Alors que traditionnellement elle est vêtue de bleu, la Vierge est exceptionnellement en robe verte ; assis à ses côtés, un personnage en blanc au visage irrémédiablement illisible et dont les proportions apparaissent plus importantes que celles de la Sainte Vierge. Qui peut-il être? «L'historienne Ray Jabre pense qu'il s'agit du Saint Sauveur dont l'église n'a jamais été découverte à Beyrouth», rapporte Mme Affeiche. La peinture qui porte un petit tesson de céramique «glaçurée», typique de la période mamelouke, date du XIIIe siècle.
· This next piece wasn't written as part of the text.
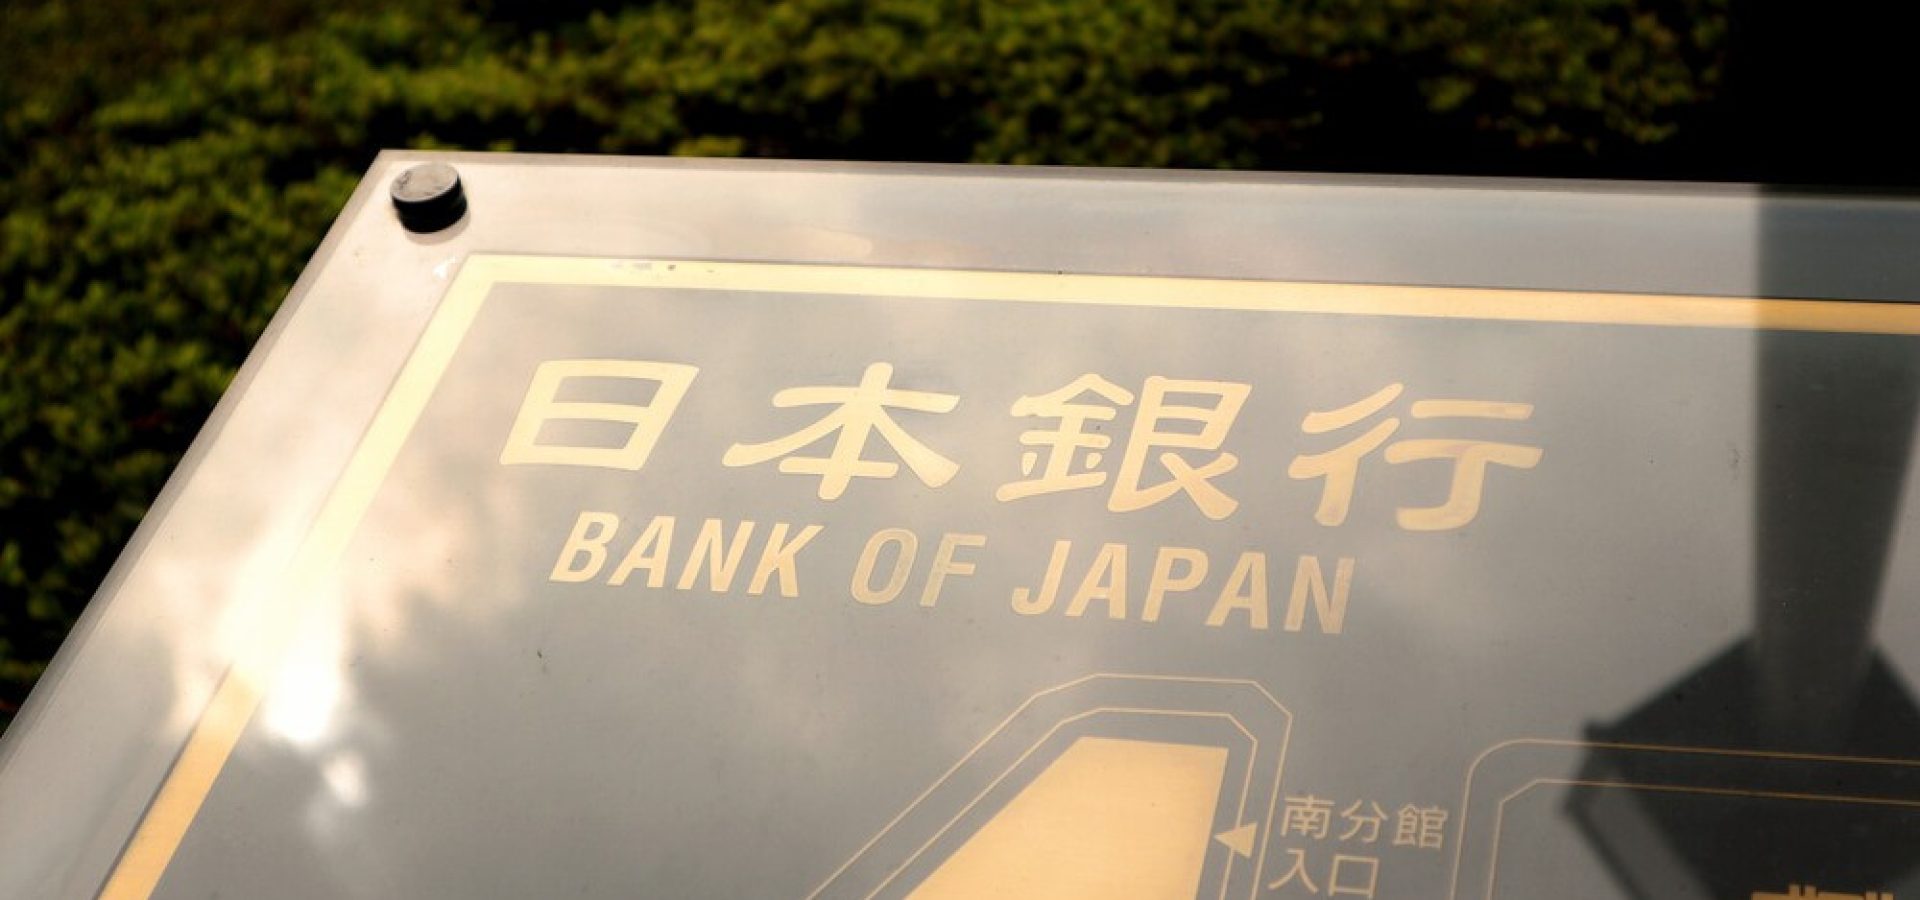 Bank of Japan and CBDC

L'iconographie fera l'objet d'une étude qui sera publiée dans la revue Baal, éditée par la DGA.
«Long et compliqué», selon Mme Affeiche, le travail de restauration a été exécuté par le spécialiste italien Giorgio Capriotti. «Respectant l'authenticité de la pièce, refusant d'imaginer les éléments manquants ou de traiter les lacunes picturales, Capriotti a employé la technique du traçage (tracegio) pour redessiner les lignes visibles.» La fresque a été ensuite montée sur un support «nid d'abeilles» tout à la fois léger et solide.
Par ailleurs, vous pouvez découvrir n'importe où, n'importe quand, la collection du musée avec les commentaires (en trois langues) de la visite grâce à l'application iPhone ou Smartphone financée par Antoine et Samia Meguerdiche. L'application sera disponible à partir du mois de mai.
(Pour mémoire : Et vogue la Bibliothèque nationale... à la dérive)
La coopération italienne au Liban
D'autre part, la collaboration entre la Direction générale des antiquités et le bureau de la coopération italienne au Liban se poursuit. Après la restauration en 2010-2011 des fresques de la tombe de Tyr, un chef-d'œuvre de l'art funéraire romain du IIe siècle de notre ère, les Italiens débloquent une nouvelle enveloppe pour étendre l'aménagement muséographique à tout l'étage du sous-sol. Le projet comprendra des installations illustrant les pratiques funéraires et leur évolution à travers les grandes périodes de l'Antiquité; une sélection de bijoux et vases en verre ou terre cuite provenant des fouilles récentes d'Achrafieh (zone des nécropoles) et une exposition de trente sarcophages anthropoïdes datés du VIe au IVe siècle avant J-C. Le parcours s'achèvera par la présentation d'un magnifique échantillon de vêtements remontant à l'époque mamelouke, trouvés en 1989-1991 dans la grotte de Assi el-Hadath, dans la vallée de la Qadisha. Rappelons que la grotte, explorée par le Groupe d'études et de recherches souterraines du Liban (GERSL), avait livré les premières momies (et peut-être les seules) du peuple maronite médiéval: trois femmes adultes, cinq fillettes (18 mois à quatre ans) et un nourrisson (quatre mois), naturellement momifiés, dormant d'un sommeil profond depuis 800 ans.